— Input data —

^^^^

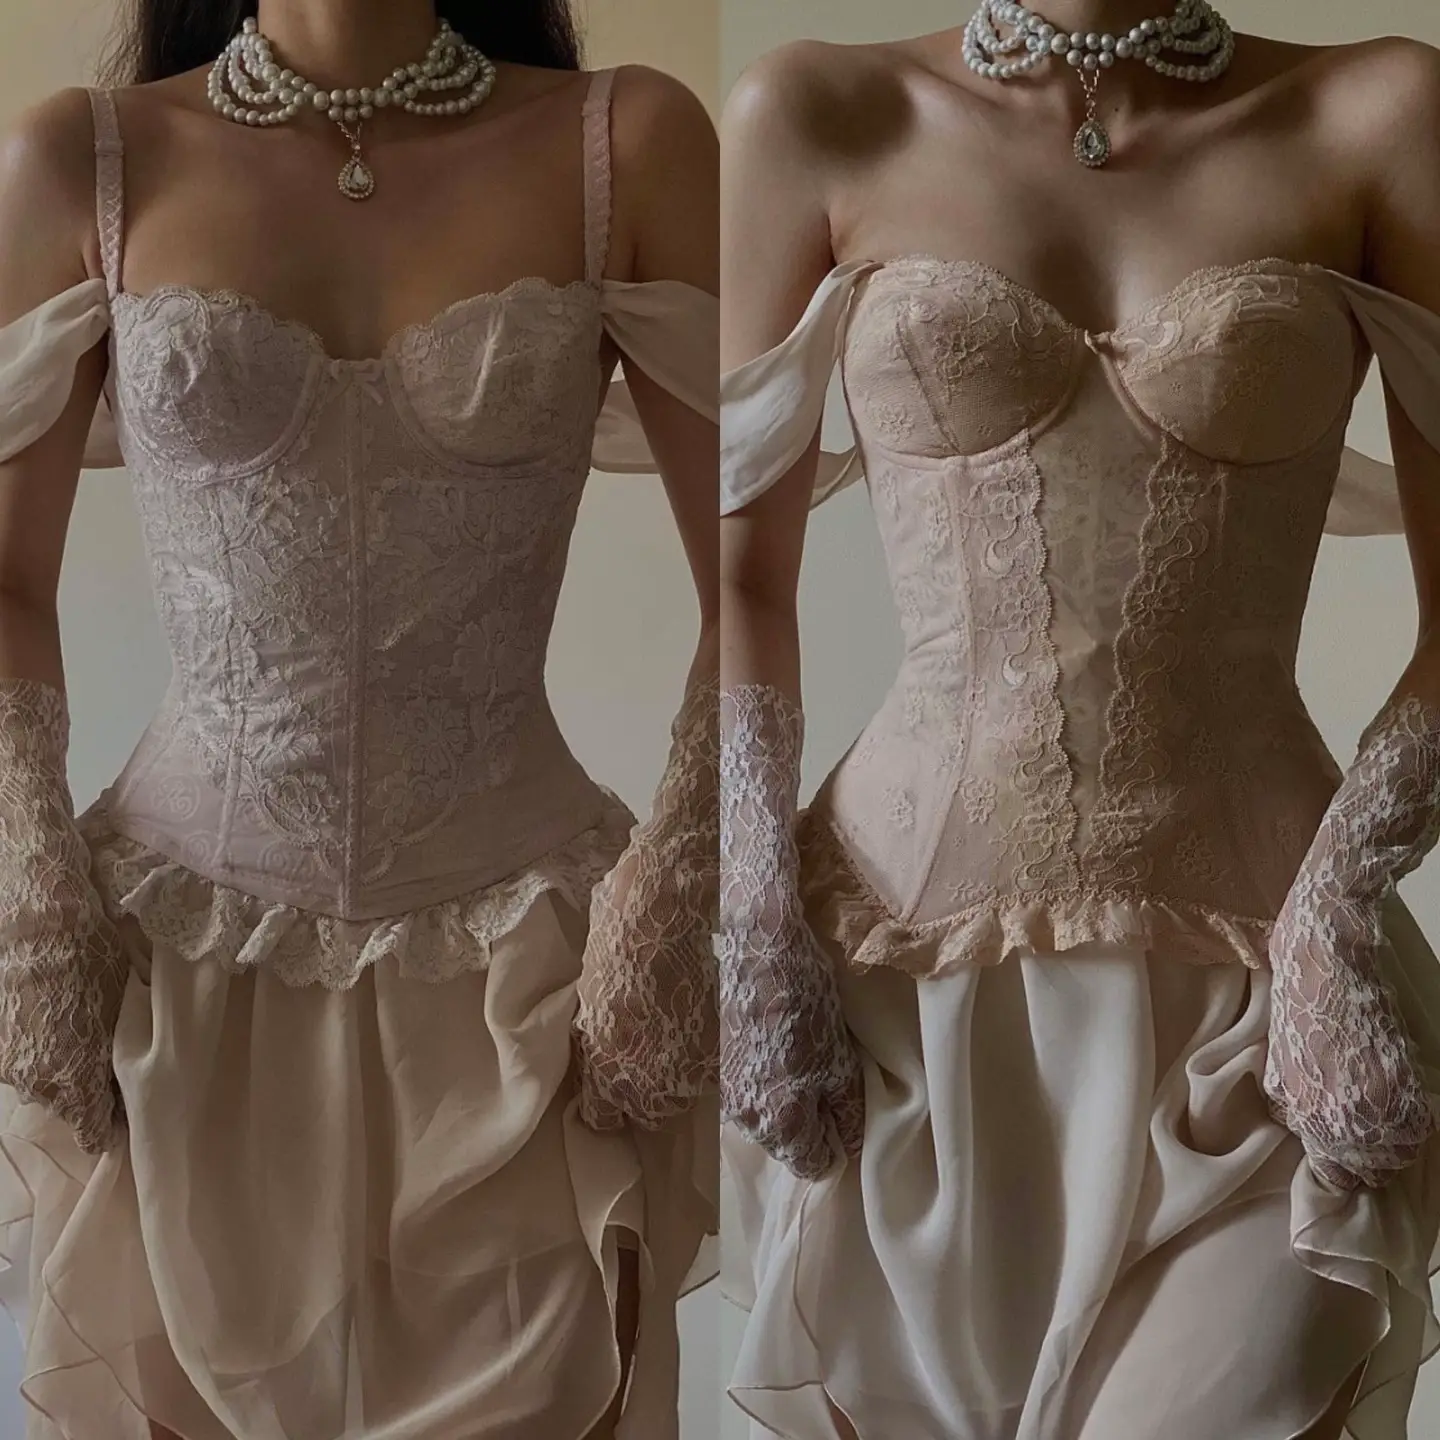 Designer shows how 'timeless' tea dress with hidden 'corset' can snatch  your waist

^^^^

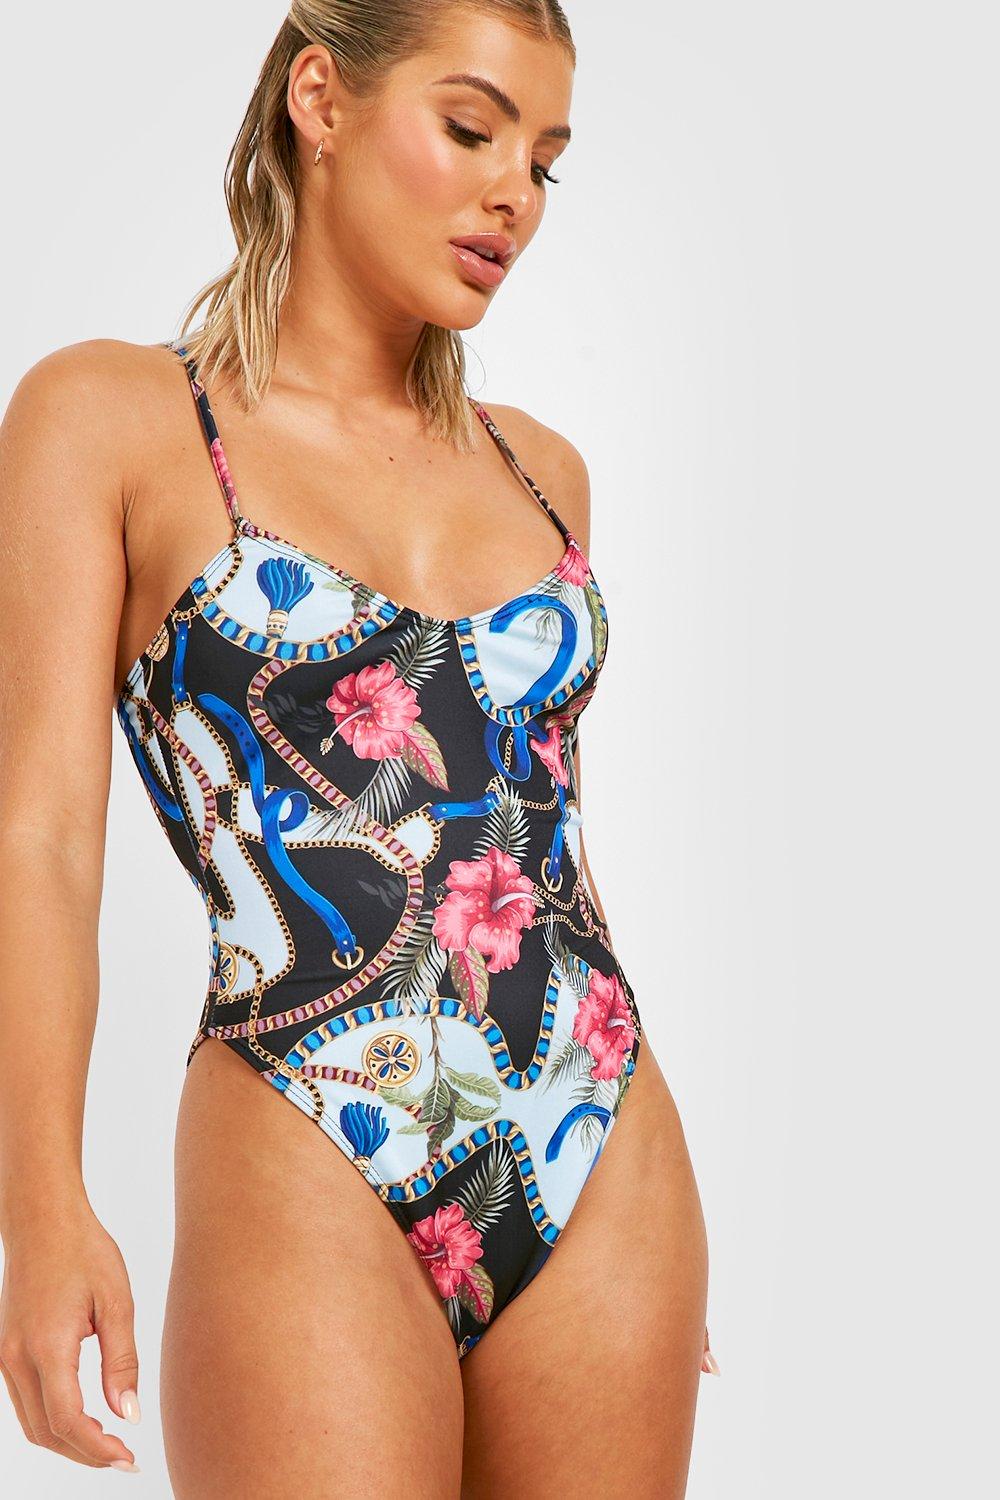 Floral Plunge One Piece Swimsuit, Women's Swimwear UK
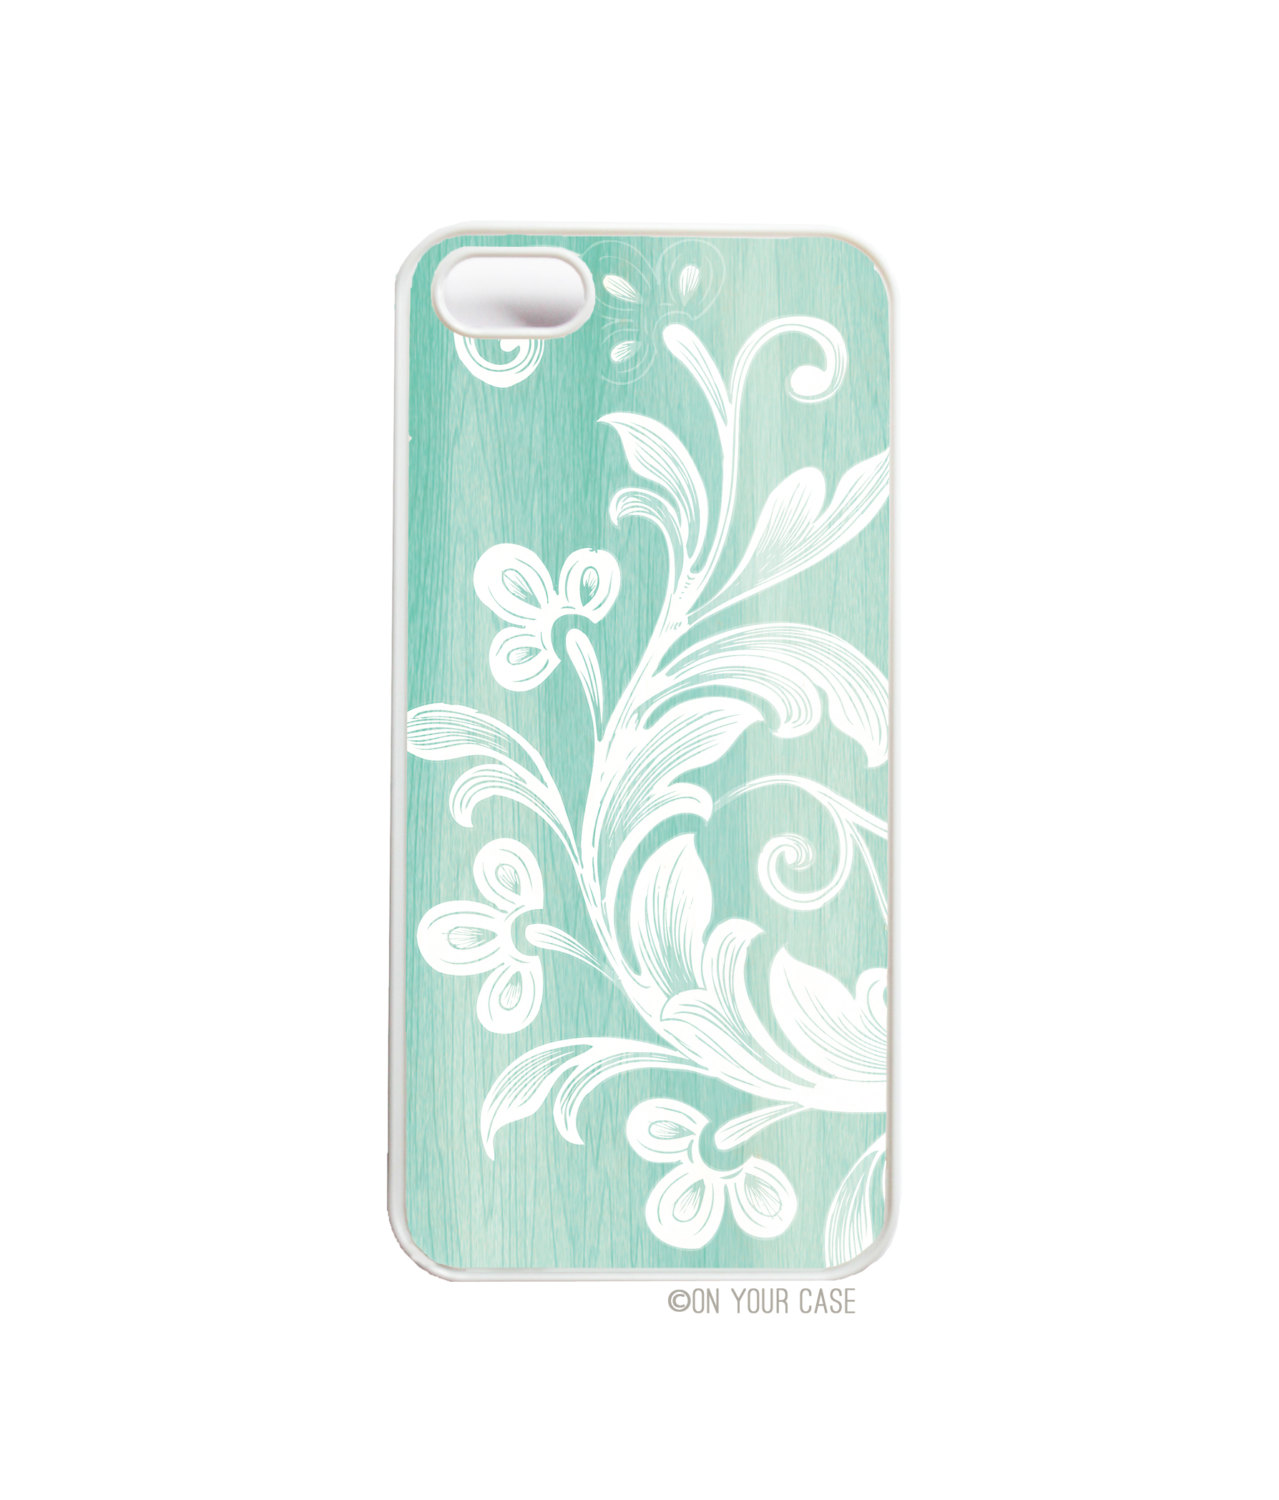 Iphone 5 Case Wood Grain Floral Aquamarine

^^^^

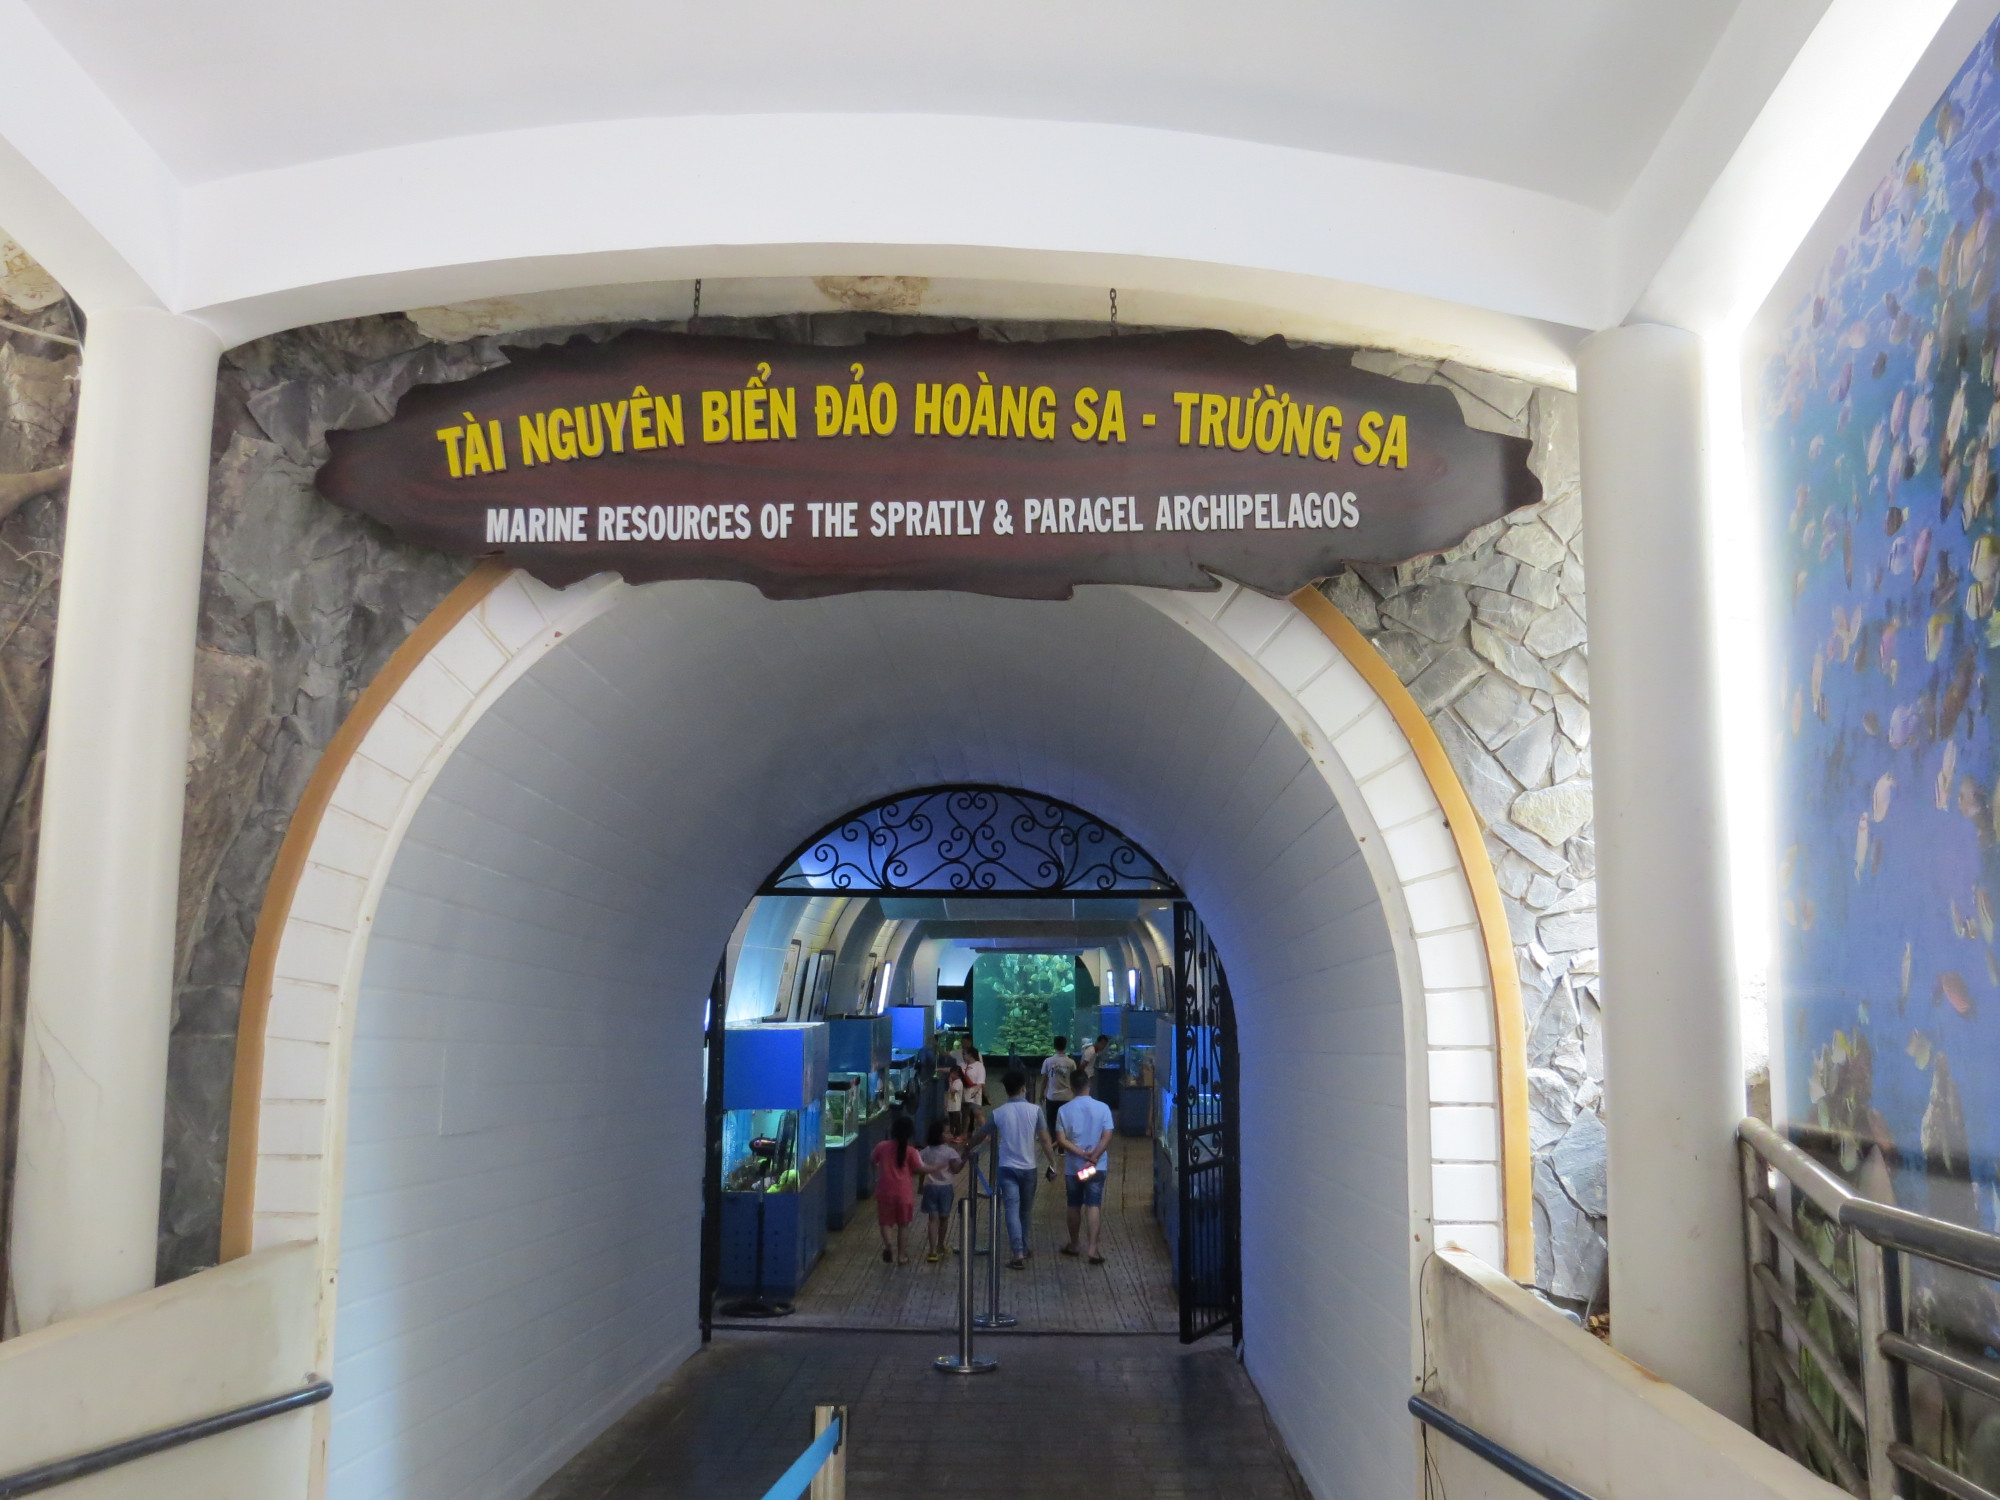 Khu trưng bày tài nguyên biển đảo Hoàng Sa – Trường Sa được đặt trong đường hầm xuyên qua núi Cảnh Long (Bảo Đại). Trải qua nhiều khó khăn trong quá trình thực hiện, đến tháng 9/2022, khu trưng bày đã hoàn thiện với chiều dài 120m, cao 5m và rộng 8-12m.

^^^^

— Task instructions —
Within the listing above, write out the stretch from the line with "Floral Plunge One" through the line with "Iphone 5 Case Wood Grain Floral Aquamarine" exactly. Any pictures are to be left out.

— Solution to this task —
 Floral Plunge One Piece Swimsuit, Women's Swimwear UK
 Iphone 5 Case Wood Grain Floral Aquamarine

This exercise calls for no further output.